_What this task involves_
Find the line with "A Taste of Shabbat for the Elul Soul" in the data below, then restate it and all remaining lines exactly, adding nothing.

(Records from a data collection)
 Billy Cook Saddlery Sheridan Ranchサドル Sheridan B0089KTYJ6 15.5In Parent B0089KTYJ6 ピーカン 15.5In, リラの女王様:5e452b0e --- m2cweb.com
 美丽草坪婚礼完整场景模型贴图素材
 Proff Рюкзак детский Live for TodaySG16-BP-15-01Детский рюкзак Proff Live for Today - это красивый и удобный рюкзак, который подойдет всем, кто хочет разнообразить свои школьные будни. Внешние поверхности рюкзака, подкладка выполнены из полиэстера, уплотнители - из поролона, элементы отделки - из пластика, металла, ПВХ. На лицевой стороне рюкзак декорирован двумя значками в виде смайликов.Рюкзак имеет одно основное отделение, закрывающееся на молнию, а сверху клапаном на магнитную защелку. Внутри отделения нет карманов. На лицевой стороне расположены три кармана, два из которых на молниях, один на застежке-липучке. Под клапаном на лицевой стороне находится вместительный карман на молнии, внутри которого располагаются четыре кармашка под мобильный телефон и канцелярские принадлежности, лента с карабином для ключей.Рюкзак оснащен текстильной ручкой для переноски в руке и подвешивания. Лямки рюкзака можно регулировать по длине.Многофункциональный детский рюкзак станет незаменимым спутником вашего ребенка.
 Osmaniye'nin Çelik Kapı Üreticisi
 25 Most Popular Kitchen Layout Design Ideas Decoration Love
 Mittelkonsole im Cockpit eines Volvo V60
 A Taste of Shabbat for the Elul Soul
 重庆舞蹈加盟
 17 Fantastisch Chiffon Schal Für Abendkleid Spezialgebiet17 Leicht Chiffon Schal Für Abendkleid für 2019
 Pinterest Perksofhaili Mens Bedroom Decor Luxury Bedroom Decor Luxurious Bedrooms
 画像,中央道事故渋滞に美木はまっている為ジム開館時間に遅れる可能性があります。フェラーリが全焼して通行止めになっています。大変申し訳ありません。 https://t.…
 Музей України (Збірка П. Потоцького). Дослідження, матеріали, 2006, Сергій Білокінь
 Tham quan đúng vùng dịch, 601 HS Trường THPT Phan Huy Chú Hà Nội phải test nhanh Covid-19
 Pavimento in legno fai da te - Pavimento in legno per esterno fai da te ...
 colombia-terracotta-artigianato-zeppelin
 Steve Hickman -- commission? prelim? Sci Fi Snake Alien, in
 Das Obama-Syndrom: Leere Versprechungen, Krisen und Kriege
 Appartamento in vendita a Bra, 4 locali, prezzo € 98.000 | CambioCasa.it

_Answer box_
 A Taste of Shabbat for the Elul Soul
 重庆舞蹈加盟
 17 Fantastisch Chiffon Schal Für Abendkleid Spezialgebiet17 Leicht Chiffon Schal Für Abendkleid für 2019
 Pinterest Perksofhaili Mens Bedroom Decor Luxury Bedroom Decor Luxurious Bedrooms
 画像,中央道事故渋滞に美木はまっている為ジム開館時間に遅れる可能性があります。フェラーリが全焼して通行止めになっています。大変申し訳ありません。 https://t.…
 Музей України (Збірка П. Потоцького). Дослідження, матеріали, 2006, Сергій Білокінь
 Tham quan đúng vùng dịch, 601 HS Trường THPT Phan Huy Chú Hà Nội phải test nhanh Covid-19
 Pavimento in legno fai da te - Pavimento in legno per esterno fai da te ...
 colombia-terracotta-artigianato-zeppelin
 Steve Hickman -- commission? prelim? Sci Fi Snake Alien, in
 Das Obama-Syndrom: Leere Versprechungen, Krisen und Kriege
 Appartamento in vendita a Bra, 4 locali, prezzo € 98.000 | CambioCasa.it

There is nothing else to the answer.